Prior to oil analysis, the de-asphalting phase was performed by adding n-heptane (forty times by volume) to the oils and stored at ambient temperature for eight hours minimum, in a dark place then passing through the filter paper. The maltene fractions were further separated into saturates, aromatics and resins using alumina-packed chromatography columns (stationary phase) and n-hexane, benzene and mixture of dichloromethane–methanol (9:1) as mobile phases, respectively. All fractions were dried under inert atmosphere (nitrogen gas) after separation (Alizadeh et al. 2018).

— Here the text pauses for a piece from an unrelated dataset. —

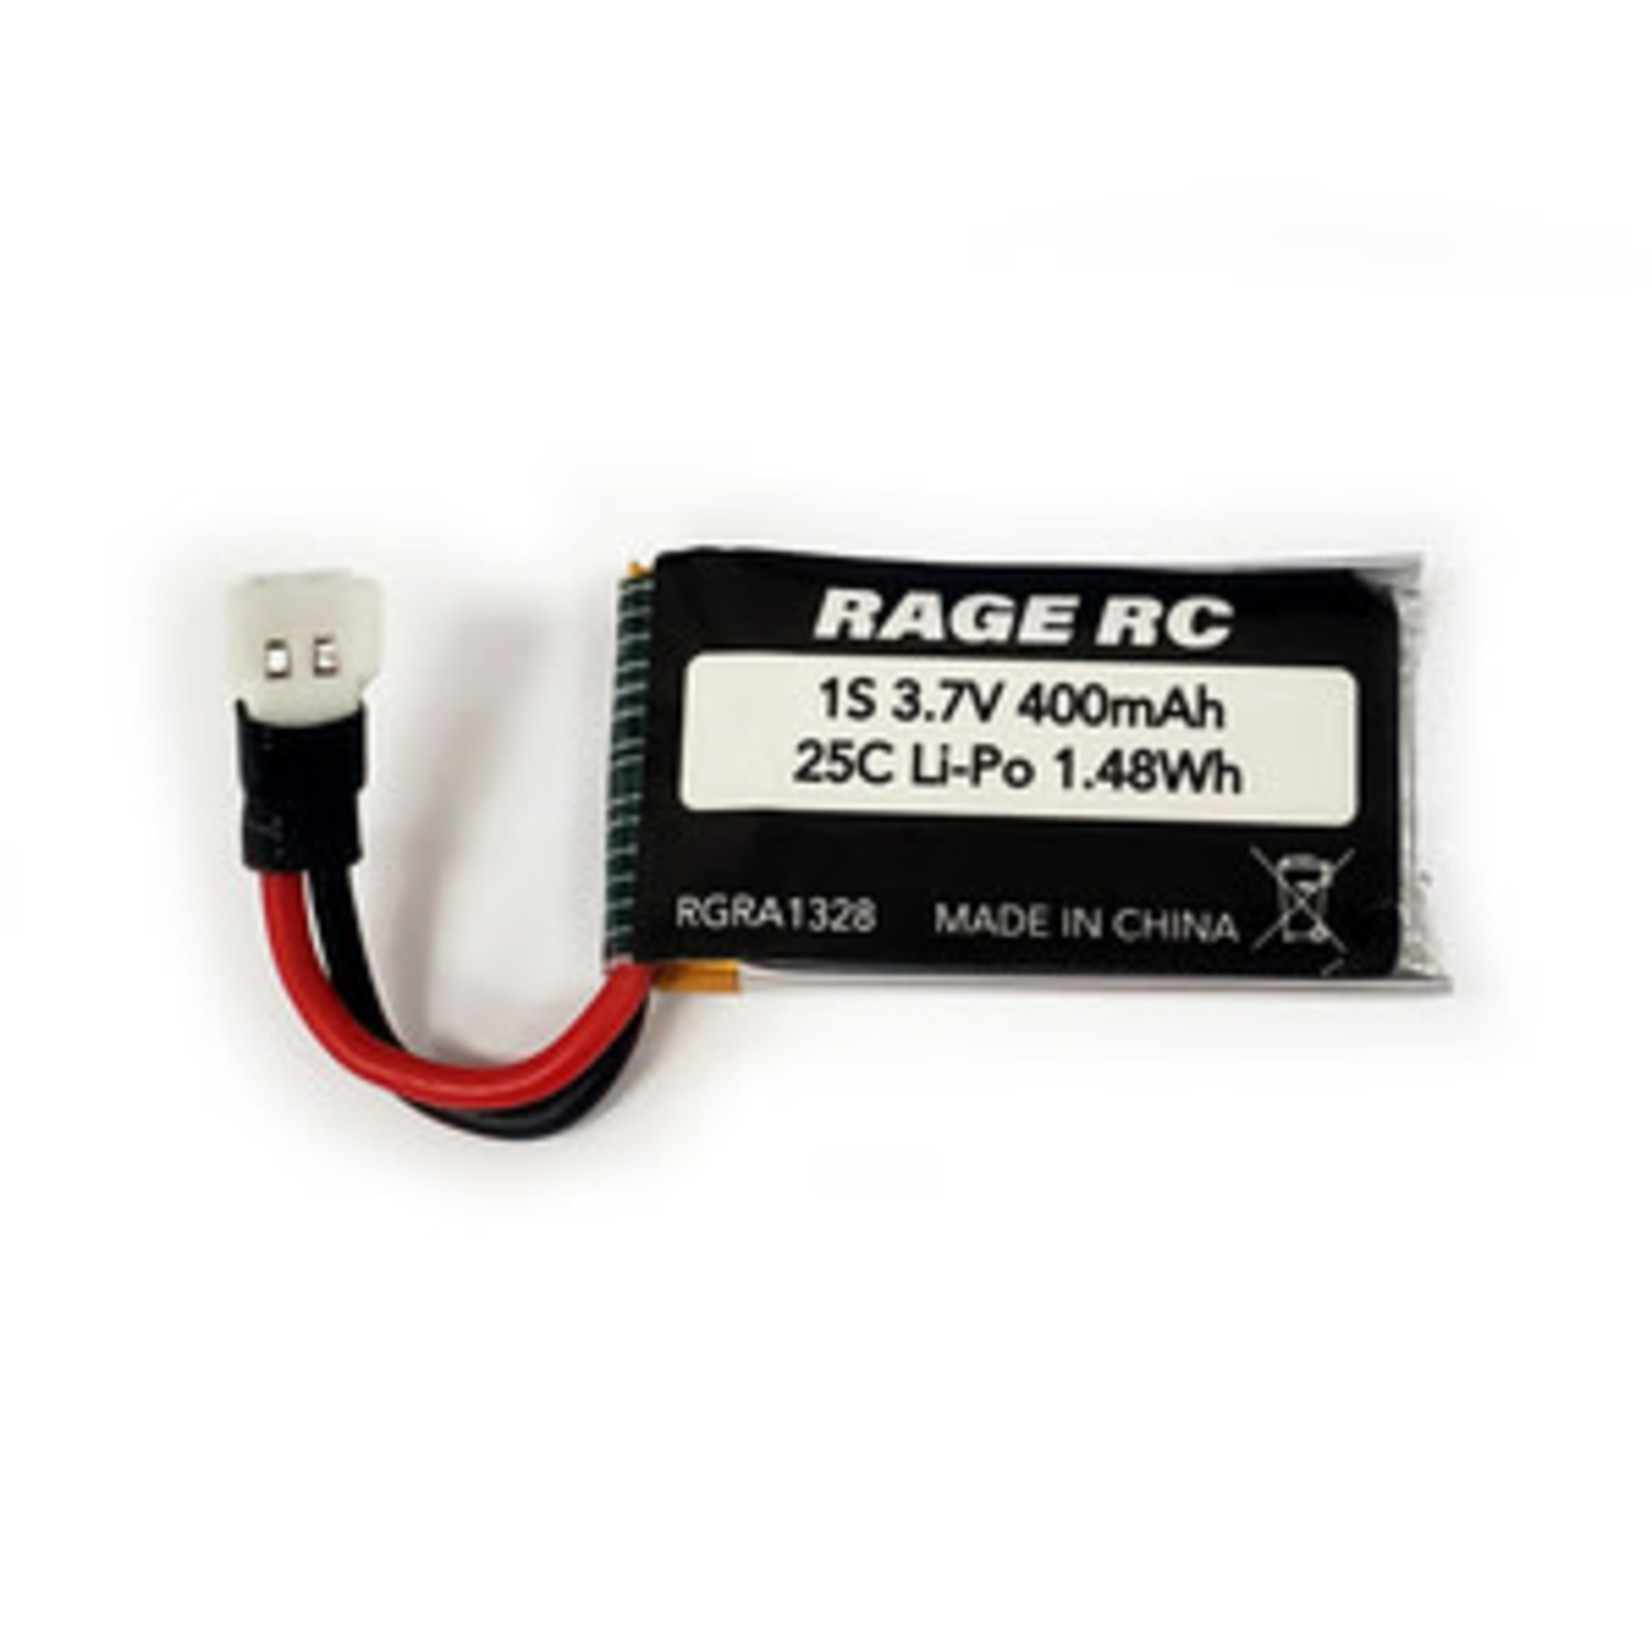 Rage R/C 3.7V 400mAh 25C LiPo Battery; Micro Warbirds, Tempest 600, Super Cub MX, Super Cub MX4

Both saturate and aromatic fractions were analyzed using a gas chromatograph (Hewlett Packard 5971A) coupled with a mass spectrometer (Hewlett-Packard 5888). The temperature was programmed to begin from 40 °C (10 min isothermal), ramped to 300 °C (at a rate of 4 °C/min) and held constant for 15 min. Helium is the carrier gas.

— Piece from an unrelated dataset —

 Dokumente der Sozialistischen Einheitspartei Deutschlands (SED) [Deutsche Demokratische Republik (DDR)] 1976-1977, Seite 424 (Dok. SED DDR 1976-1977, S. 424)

Stable carbon isotope analyses were conducted on asphaltene fractions of nine oil samples by using an elemental analyzer–isotope ratio mass spectrometer (EA–IRMS). Here, the resulting CO2 from high-temperature (1000 °C) combustion of carbon in the sample was later introduced into a chromatographic column held under isothermal conditions. The chromatographic peaks sequentially entering the IRMS module were separated according to their molecular mass and finally were measured by a Faraday cup universal collector array. All measurements were reported relative to the PDB standard with the analytical precision in ± 0.02 range.

Results and discussion

Oil analysis

Bulk properties

According to the high API gravity (38–40 API°) and the relatively high concentrations of saturated hydrocarbons (> 59.5%), the studied oils from the South Dezful Embayment can be classified as paraffinic to paraffinic–naphthenic (Table 1) (Tissot and Welte 1984). The asphaltene contents less than 1.5% may also reveal a high level of thermal maturity.

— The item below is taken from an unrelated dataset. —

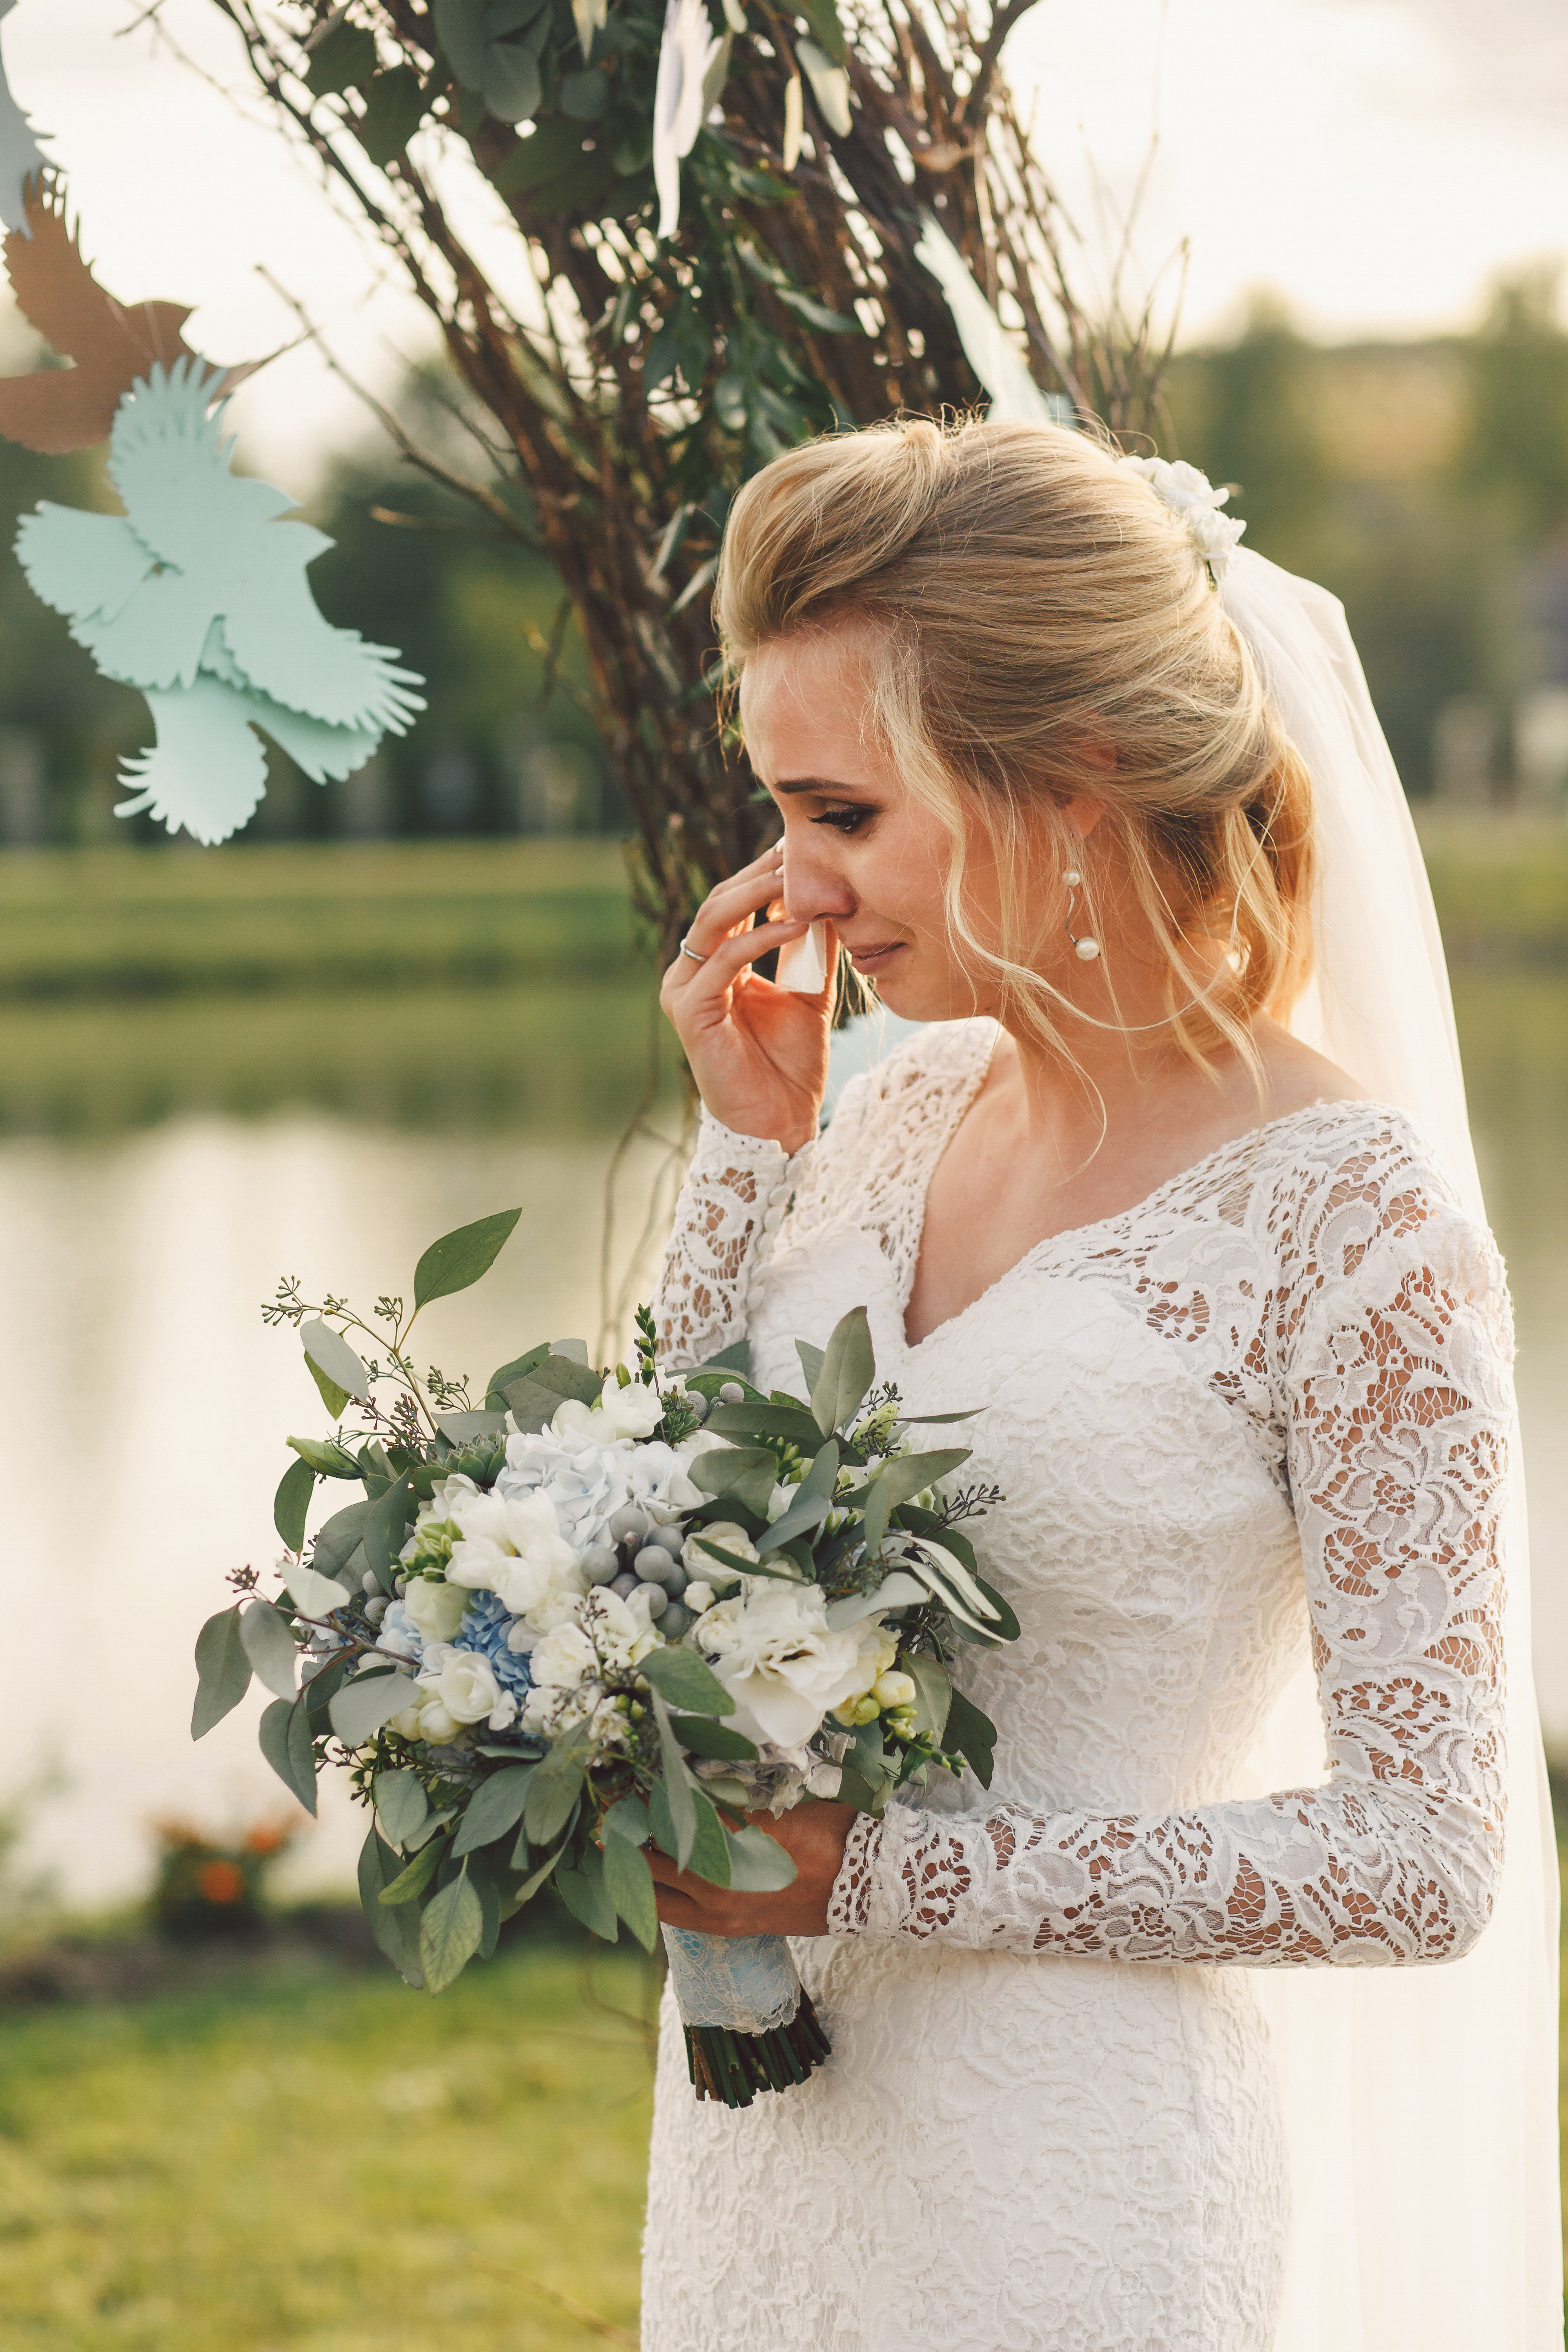 Eine weinende Frau bei ihrer Hochzeit | Quelle: Shutterstock

Table 1 General properties and bulk geochemical parameters of the Khami oil samples from the South Dezful Embayment

Molecular and isotopic properties

Thermal maturity

Saturate fraction gas chromatography shows that the studied oils are not seriously affected by the biodegradation and have similar normal alkane–isoprenoid fingerprints. The predominance of n-C13 to n-C15 homologs, together with a unimodal n-alkane distribution, clearly indicates the high maturity of the samples (Fig. 3).

Fig. 3
figure 3

Typical saturate and aromatic gas chromatograms of Khami oils in the South Dezful Embayment

The high maturity of the studied oils is also indicated by the absence or very small amount of polycyclic aromatic hydrocarbons (PAHs) with prominent naphthalene and phenanthrene compounds in the aromatic fraction (Fig. 3). Similarly, large concentrations of thiophenic compounds (DBT/P > 1.5) in the aromatic fraction suggest that the high sulfur content of the reservoir oils can be a result of higher thermal maturity (Huang and Pearson 1999; Hughes et al. 1995). Further evidence supporting the high maturity of studied oils is provided by the high concentrations of tricyclic terpanes relative to 17α-hopanes, the relatively large concentration of C19–C22 regular steranes and the sterane isomerization ratios (Fig. 4).

Fig. 4
figure 4

C29 sterane isomerization ratios for oil samples from the South Dezful Embayment. The samples fall close to the equilibrium area (marked by solid lines) (after Peters 1999)

Homohopane isomerization ratios of C32 22S/(22S + 22R) can be used as a maturity index in crude oils and source rock extracts. The ratio rises from zero to 0.57–0.62 during the maturation, and its specificity is limited to the early oil generation window (Ro < 0.6) (Seifert and Moldowan 1980). For oils from the South Dezful Embayment, this value ranges from 0.58 to 0.62 (Table 2; Fig. 4), indicating that the main phase of oil generation has already been reached or surpassed. The absence of ββ hopanes and the very low moretane/hopane ratios (< 0.16, Table 2) clearly suggest that the studied oils have been generated by a source rock which already past the early mature stage.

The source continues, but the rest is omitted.